College Students and Drinking

College students alert, recent graduates alert: What do you think of the observations and conclusions by Thomas Rogers as summarized below?

A recent article at Salon by Thomas Rogers sketches recent research on why college students like to get wasted. The research acknowledges the social impact of drinking and the long term impacts of addiction, but this study wants to know why college students seem to want and like getting drunk. The sketch presents some interesting ideas… including some suggestions for college students on how to help their drinking friends.

Thomas Rogers says: “In retrospect, all of this sounds both obnoxious and exhausting, but when I was 18 years old, drinking held a real, magical appeal. When drunk, I would feel socially skilled, and wonderfully impulsive, and far more fun than I’d ever been before. I was drawn to alcohol because it allowed me to escape my natural shyness and bond with people I barely even knew.
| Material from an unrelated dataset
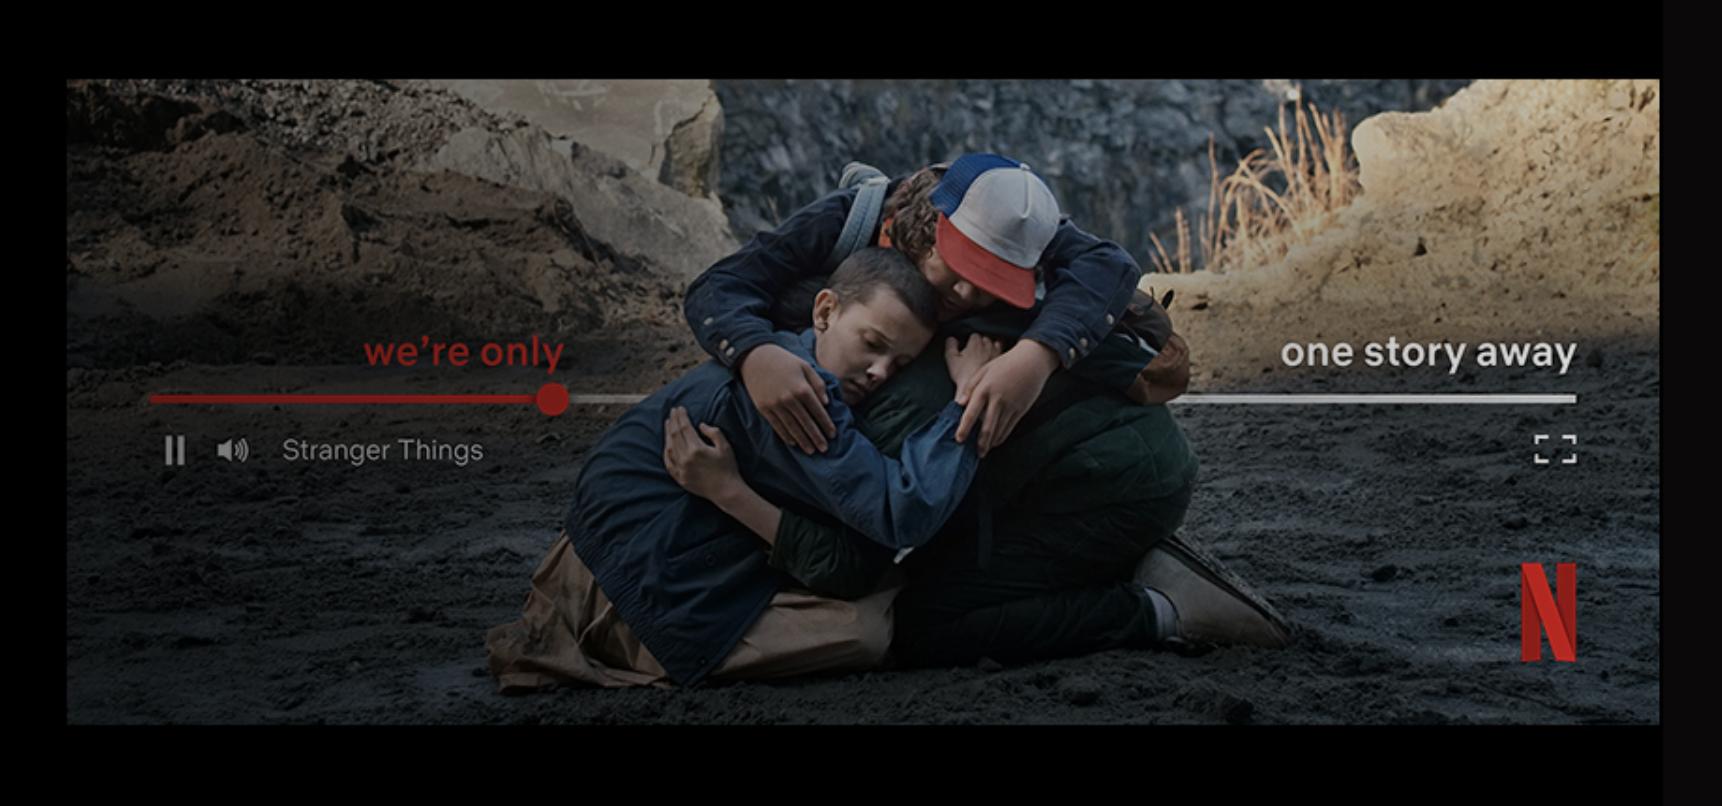 how to write a tagline: screenshot of the Netflix tagline One Story Away

It’s those kinds of positive experiences that fascinate Thomas Vander Ven, an associate professor in the department of sociology at Ohio University. In his new book, Getting Wasted: Why College Students Drink Too Much and Party So Hard, he aims to uncover not the dangers of college drinking, but what attracts  students to alcohol in the first place. And booze, he finds, not only helps young students alleviate their social anxiety, it helps them grow close friendships, and find romantic love. By taking care of other drinkers when they’re feeling ill, he argues, many student drinkers also get their first taste of adult responsibility, findings that have major implications for the ways in which we think about alcohol.”…
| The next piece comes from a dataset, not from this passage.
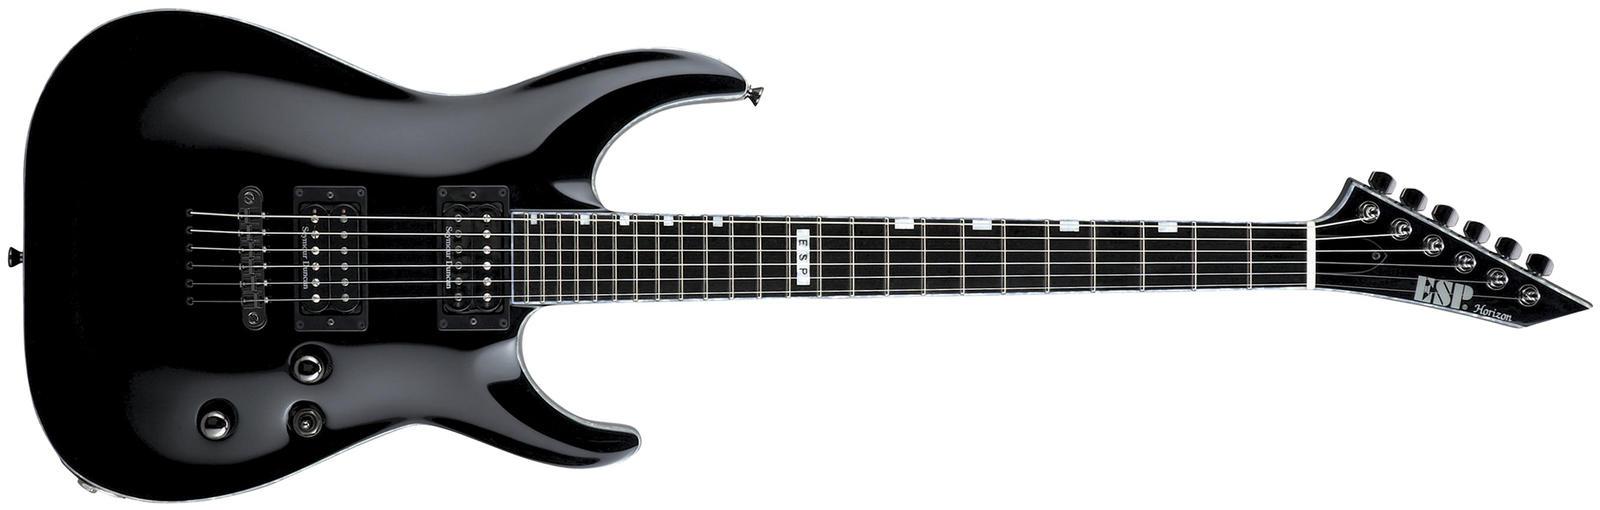 meilleur marque de guitare

Talking to my respondents, one of the things that struck me was how many students talk about being shy or feeling unprepared for social situations and that alcohol is a resource for them to let their guard down. One of my respondents told me that “alcohol takes a few bricks out of the wall.” Mine is not a nationally representative survey, and a lot of my findings should generate hypothesis for larger-scale research, but if you take my informants at their word, there are a lot of shy people with some social phobias, and alcohol helps them to, as some of them describe it, let “the real me come out.”
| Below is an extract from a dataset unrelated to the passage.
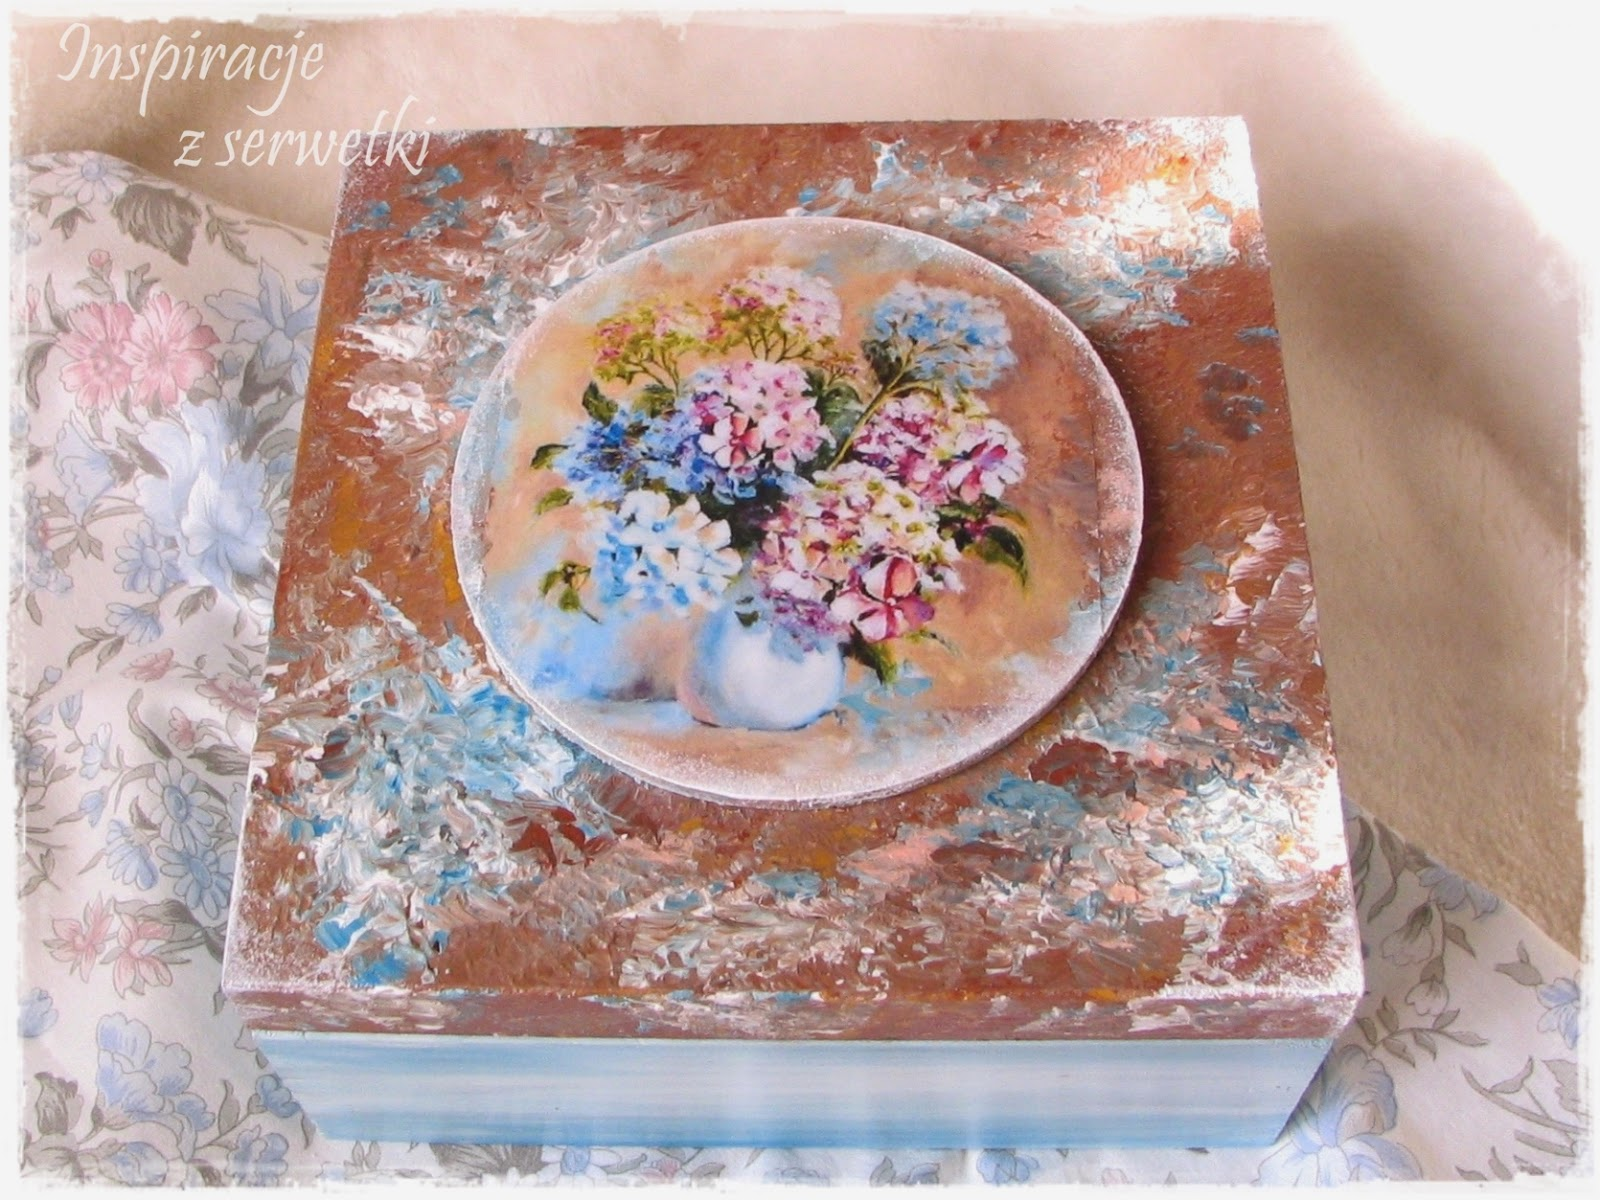 http://blog.paperconcept.pl/2015/02/blekity-hortensji/

They’re more likely to say and do things [when they drink] that they normally wouldn’t do — show affection to their peers, get angry at them, get more emboldened to sing and dance and take risks and act crazy and there’s a ton of laughing that goes on. It creates this world of adventure. It creates war stories. It creates bonding rituals. When things go wrong — the getting sick, the getting arrested, the getting upset — it gives them an opportunity to care for one another, to deliver social support. So you’ve got young adults who, for the first time, are taking care of a sick person, staying up all night with them, consoling them when they’re upset. It’s an opportunity for them to try on adult roles….

In that case, how do you think we can actually improve our college drinking culture?

If you talk to university administrators and health promotion specialists at universities around the nation they will often say they have reduced heavy drinking at their college. I don’t want to say it’s been worthless, but the rates of drinking have remained pretty constant — around 44 percent of college students are binge drinkers. So what can we do to make it a safer enterprise? One of the things we can do is educate and train students to be better bystanders. Effective bystanders notice that something is wrong. They recognize that there’s something that needs to be attended to, and they feel responsible enough to help.

One of the things that worries me about the college drinking scene is the high level of sexual victimization. So why not tell first-year students to take care of their friends, look out for them, don’t let them get in situations with a high potential for sexual victimization. Notice the signs of dangerous intoxication. It’s a simple thing — if your friend is really passed out drunk and unresponsive, don’t put him to bed, call 911. And we should train students to not only respond to tragedy or potential tragedy, but to exert pressure on one another when their friends are drinking more than they should. If your friend’s really intoxicated and they think they need more shots, it’s your job as a friend to tell them that it’s not a good idea.